In general, the request JSON payload should be a dict containing the following fields:

Key

Description

Acceptable Values

index

The index to search in

E.g., v4_rpj_llama_s4. See full list in the table in the “Available indexes” section above.

query_type

One of the supported query types

count, prob, ntd, infgram_prob, infgram_ntd, find, get_doc_by_rank, find_cnf, get_doc_by_ptr

query or query_ids

The query (semantic depends on query type)

If query: Any string. If query_ids: A list of integers. (Empty may be OK depending on query type)

For certain query types, additional fields may be required. Please see the specific query type below for more details.

If you supply a query string, it will be tokenized into an n-gram, and we only find results that match the token boundaries. For example, doing a count query with query=``a`` will not give you the count of the letter a, but rather the count of the token _a.

Output parameters:

If an error occurred (e.g., malformed input, internal server error), the response JSON dict will contain a key error with a string value describing the error. Please check this key first before processing the rest of the response.

If the query was successful, the response JSON dict will contain the following fields:

Key

Description

Value Range

token_ids

The token IDs in the tokenized query

A list of integers

tokens

The tokens in the tokenized query

A list of strings

latency

The processing time in the engine. This does not include network latency.

A non-negative float number, in milliseconds

In addition, the response JSON dict will contain results specific to the query type. Please see the specific query type below for more details.

Query Types

1. Count an n-gram (or a CNF of multiple n-grams)

This query type counts the number of times the query string appears in the corpus. If the query is an empty string, the total number of tokens in the corpus will be returned.

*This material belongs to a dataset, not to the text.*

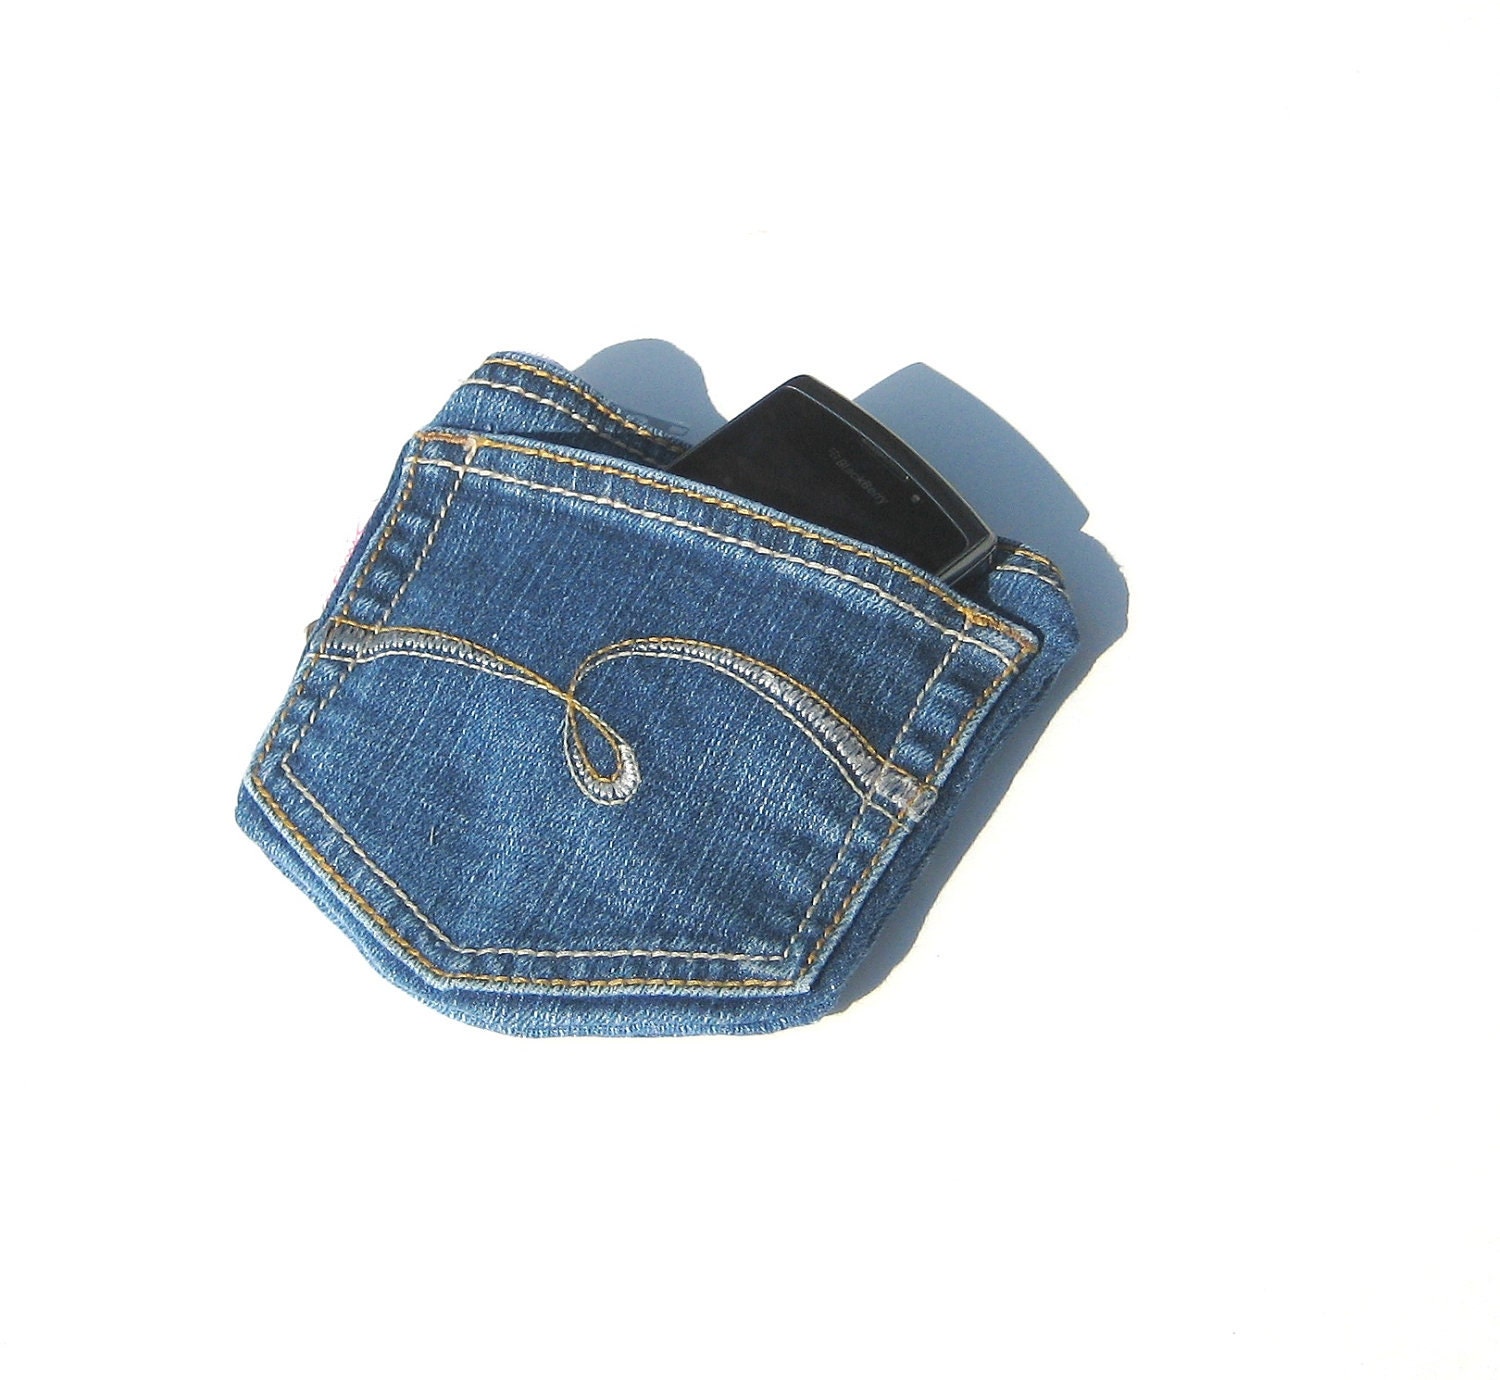 Download Gadget Case. Recycled Denim Pocket Pouch with by SmiLeStyles

You can simply enter a string, in which we count the number of occurrences of the string. You can also connect multiple strings with the AND/OR operators, in the CNF format, in which case we count the number of times where this logical constraint is satisfied.

Examples:

  1. If you query natural language processing, the API returns the number of occurrences of natural language processing.

  2. If you query natural language processing AND deep learning, the API returns the number of co-occurrences of natural language processing and deep learning.

  3. If you query natural language processing OR artificial intelligence AND deep learning OR machine learning, the API returns the number of co-occurrences of {one of natural language processing / artificial intelligence}, and {one of deep learning / machine learning}.

Notes on CNF queries:

  • When you write a query in CNF, note that OR has higher precedence than AND (which is contrary to conventions in boolean algebra).

  • In AND queries, we can only examine co-occurrences where adjacent clauses are separated by no more than 100 tokens. You can customize this value by supplying a field max_diff_tokens with an integer value within range [1, 1000].

  • In AND queries, if a clause has more than 50000 matches, the count will be approximate: we will estimate the count by examining a random subset of 50000 documents out of all documents containing that clause. You can customize this value by supplying a field max_clause_freq with an integer value within range [1, 500000].

  • The above subsampling mechanism might cause a zero count on conjuction of some simple clauses (e.g., birds AND oil).

Input parameters:

Key

Description

Acceptable Values

index

see overview

see overview

query_type

see overview

count

query or query_ids

The n-gram to count

If query: A string (empty is OK), or several non-empty strings connected with the AND/OR operators. If query_ids: A list of integers, or a triply-nested list of integers (see below for details).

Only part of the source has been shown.